> **What is expected**:
Every line of the listing below from the one with "KIMLUD, Reusable Nut" up to and including the one with "Christmas scented candle gift 6-pack" should be retyped exactly, and nothing else; pictures are not part of the copy.

> **Exercise input**:
BEGIN

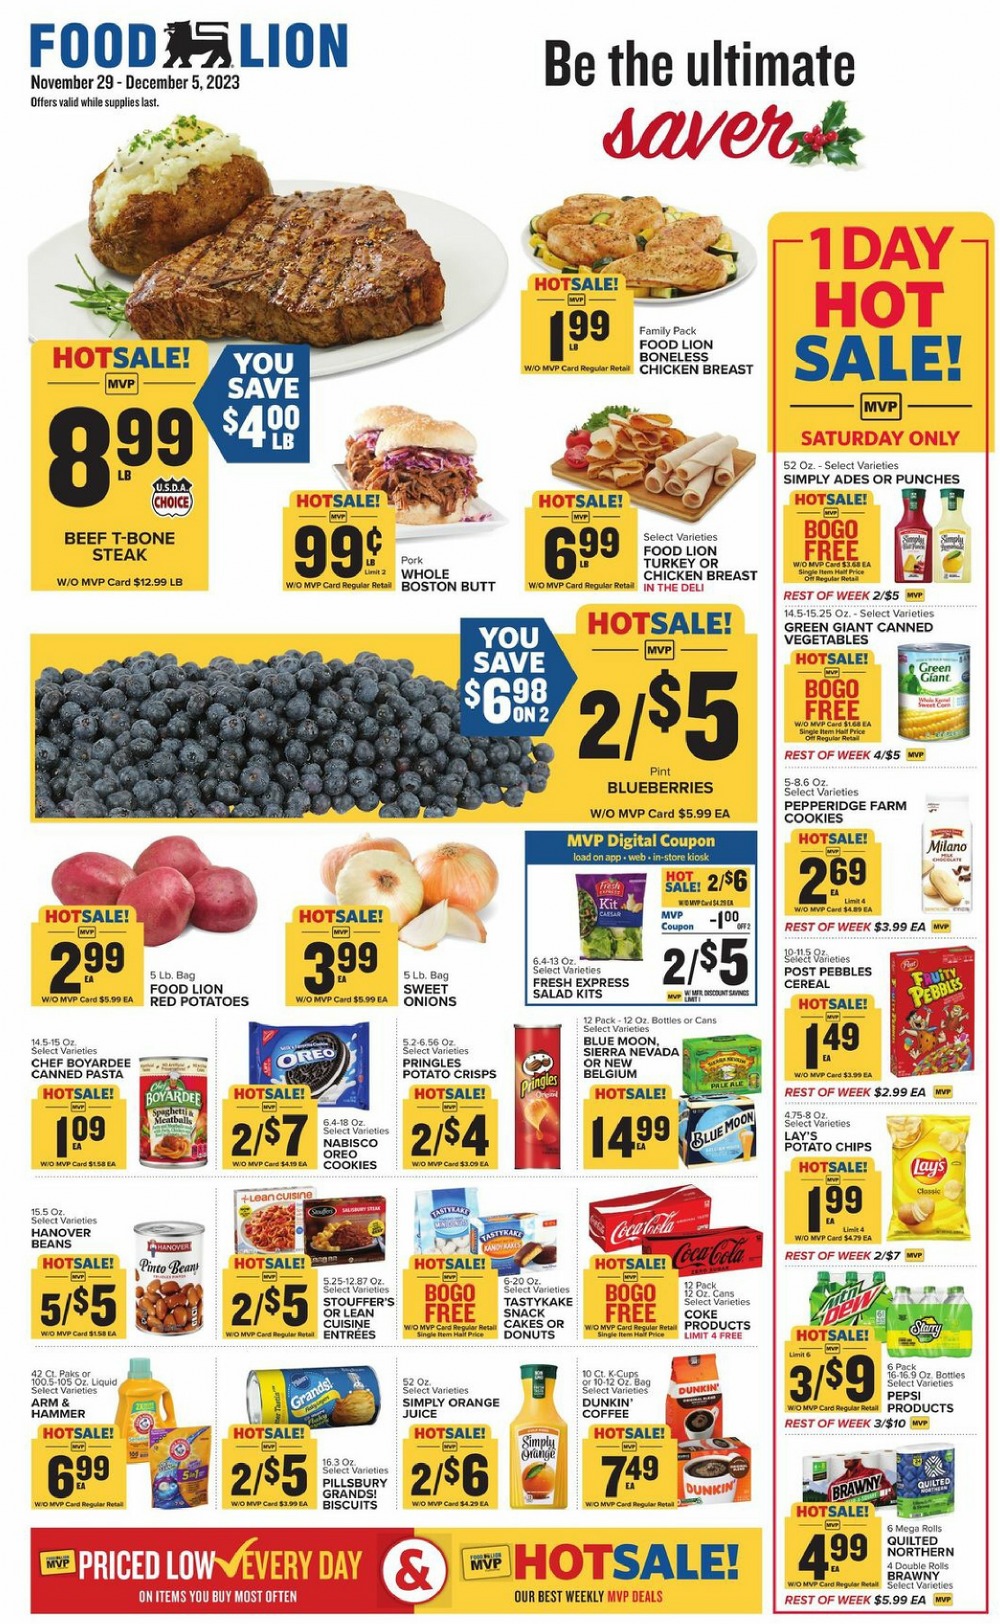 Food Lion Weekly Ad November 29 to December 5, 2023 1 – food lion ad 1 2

END
BEGIN

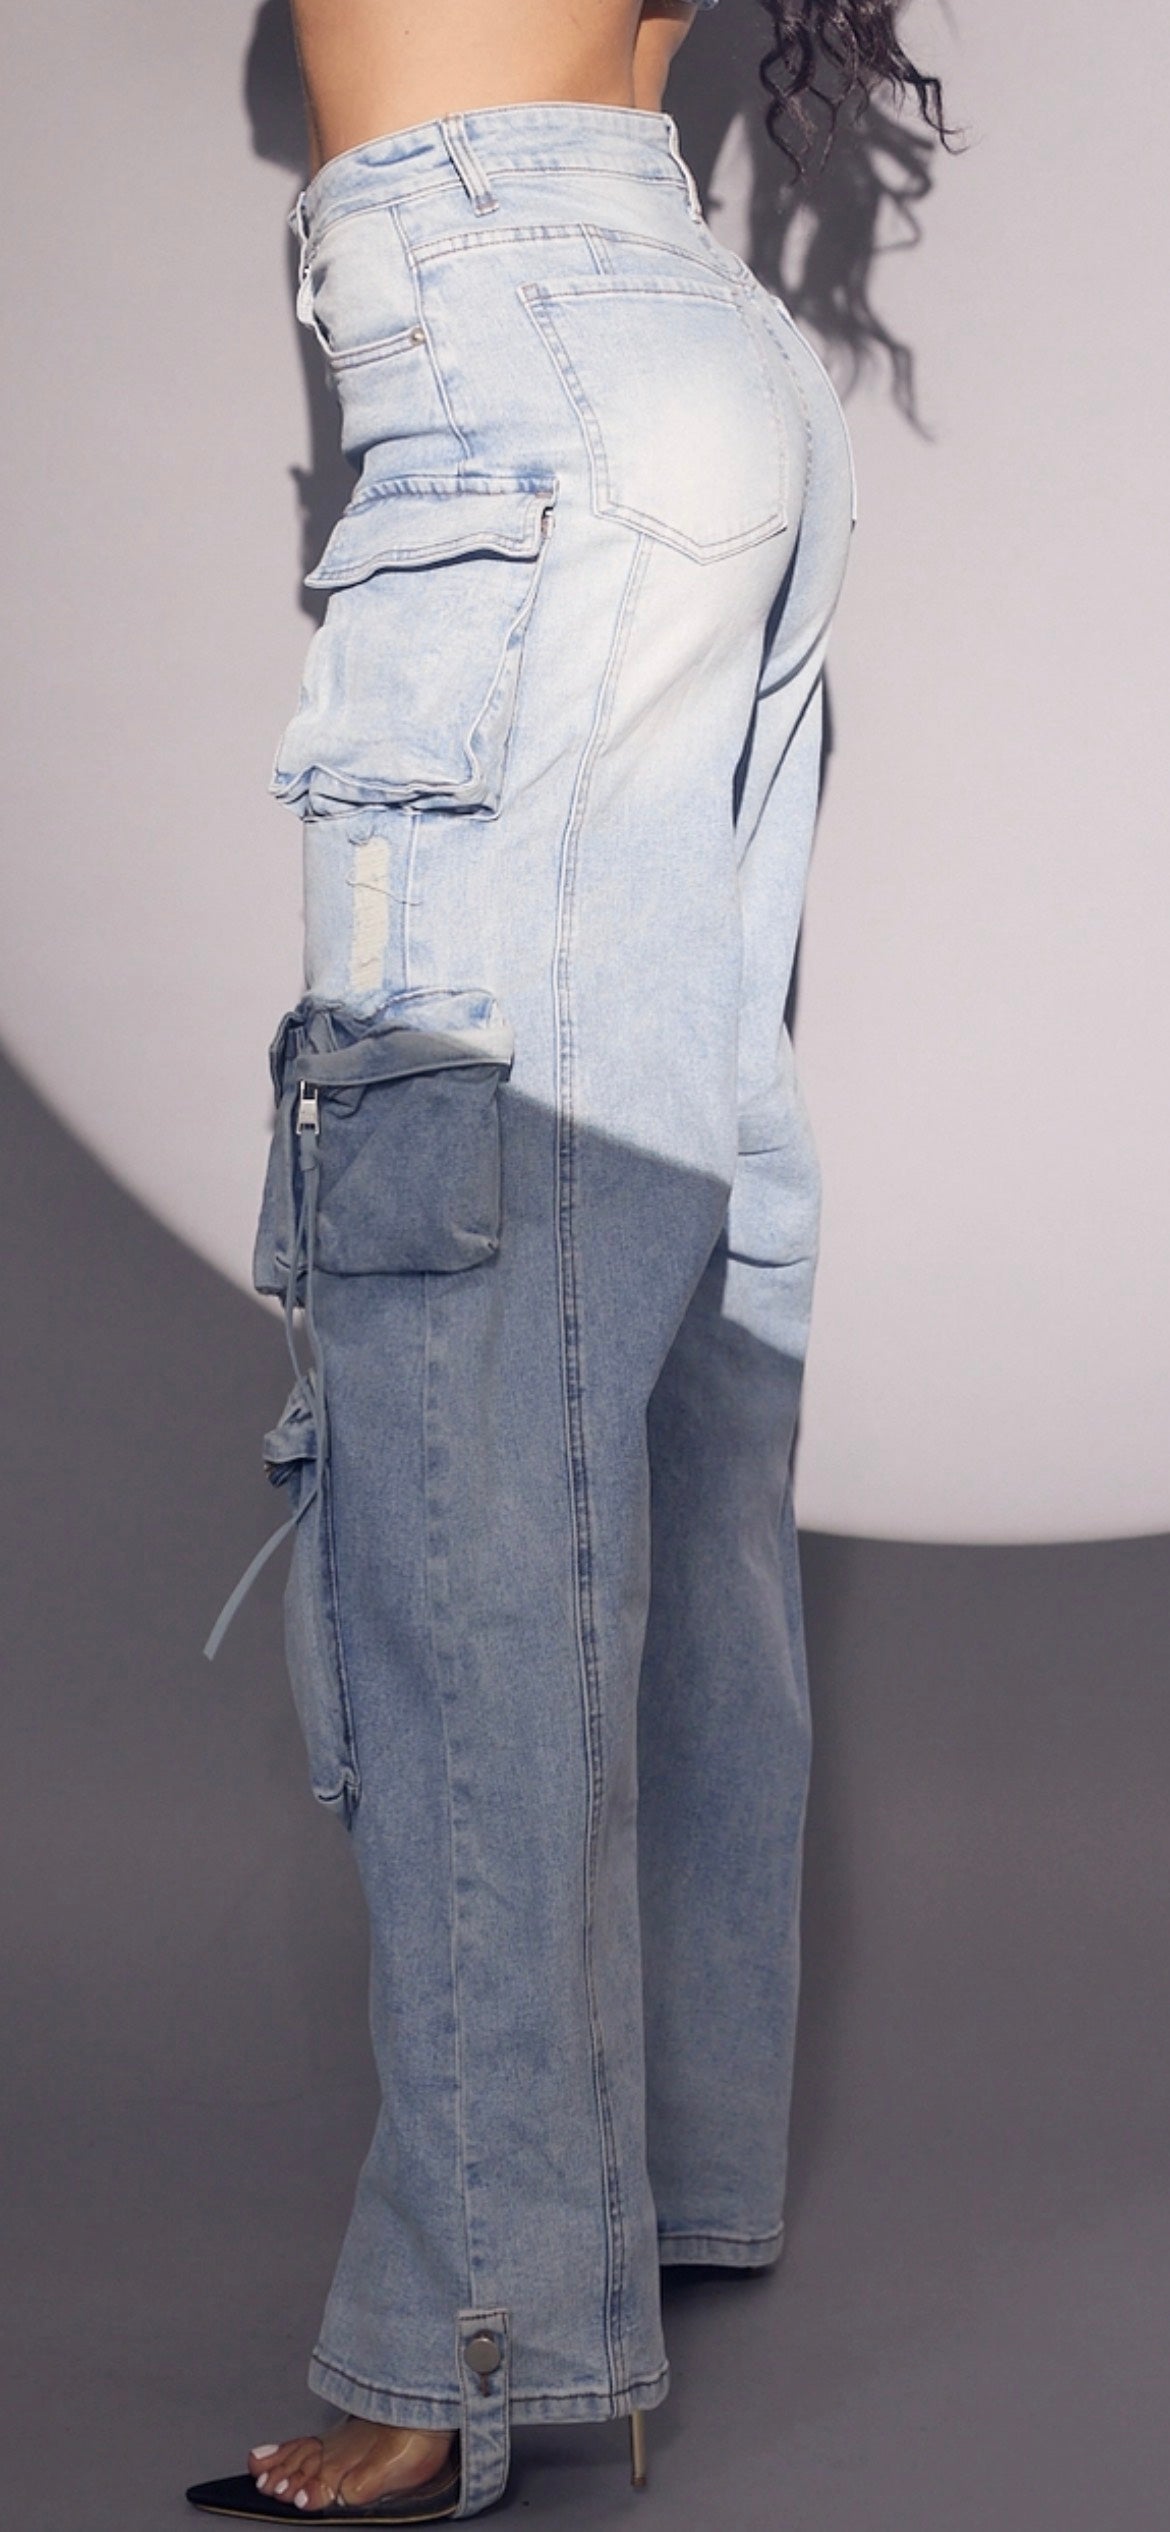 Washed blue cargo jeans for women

END
BEGIN

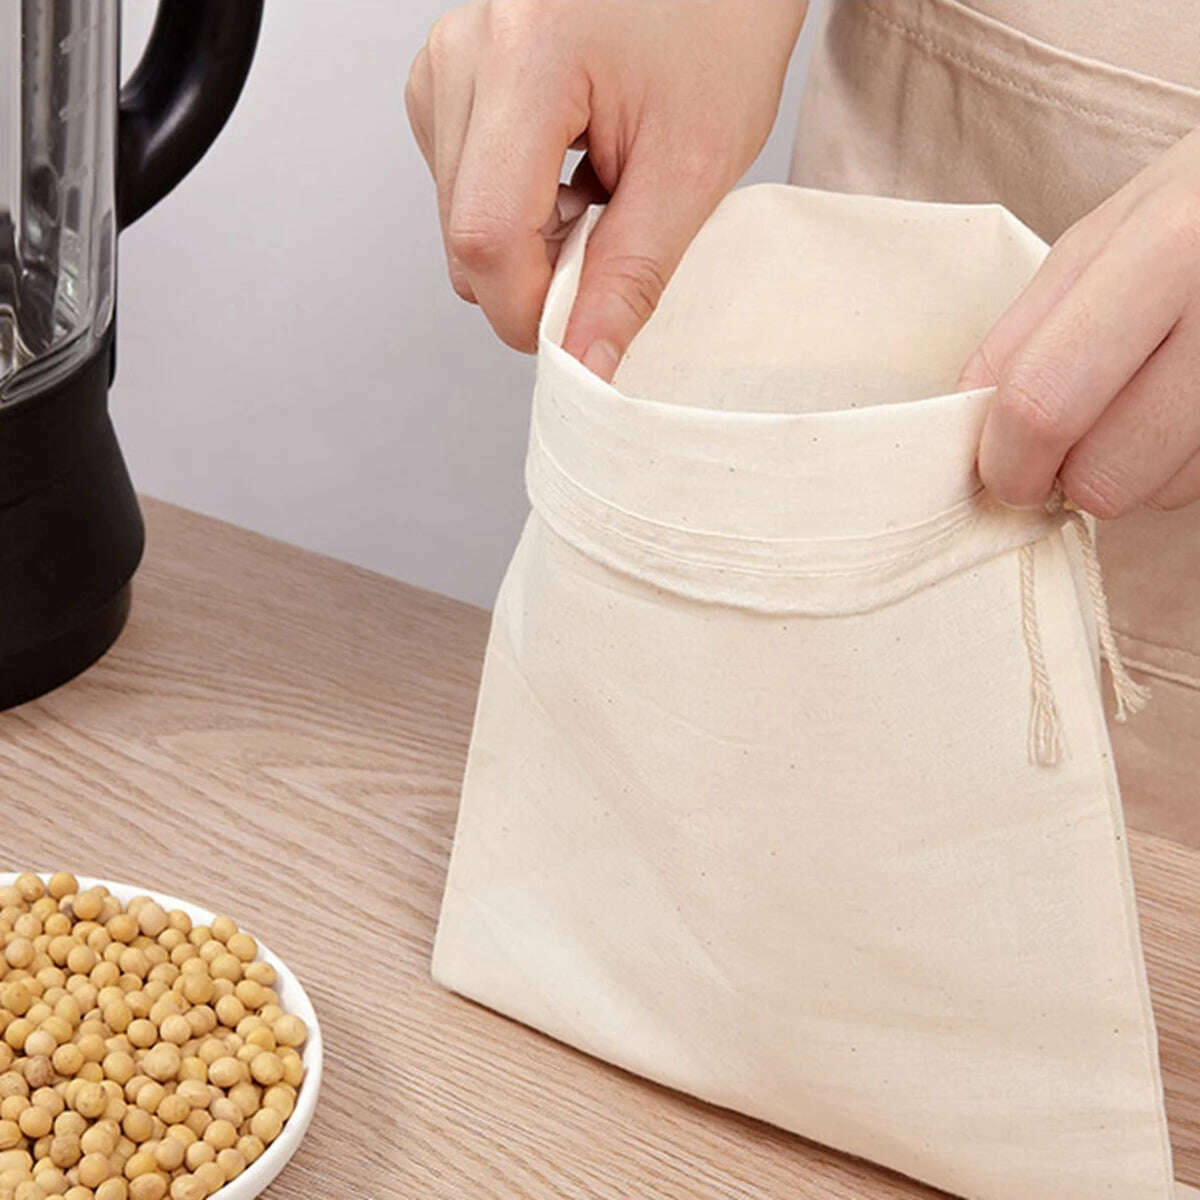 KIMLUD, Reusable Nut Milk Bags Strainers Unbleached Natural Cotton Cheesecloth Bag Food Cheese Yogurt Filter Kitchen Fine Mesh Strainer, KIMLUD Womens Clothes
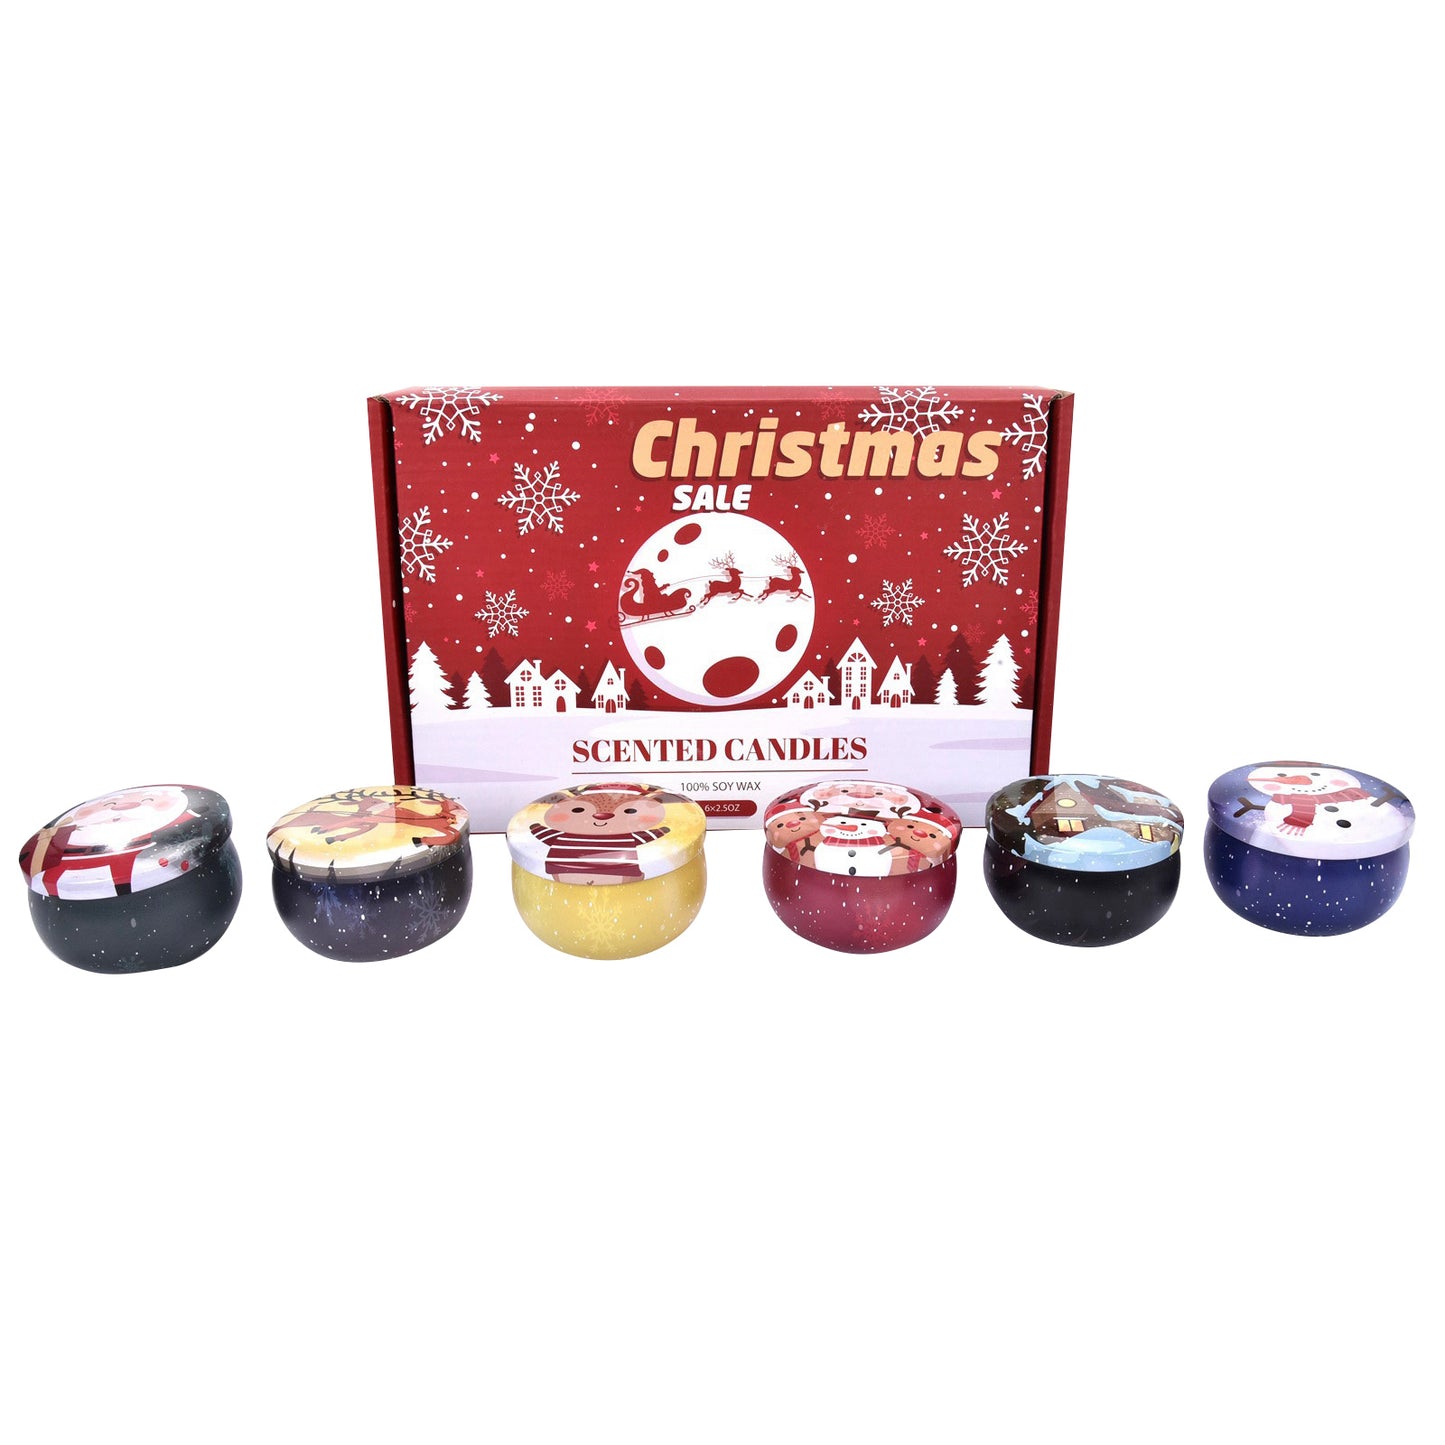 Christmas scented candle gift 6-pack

END

> **Response to this exercise**:
 KIMLUD, Reusable Nut Milk Bags Strainers Unbleached Natural Cotton Cheesecloth Bag Food Cheese Yogurt Filter Kitchen Fine Mesh Strainer, KIMLUD Womens Clothes
 Christmas scented candle gift 6-pack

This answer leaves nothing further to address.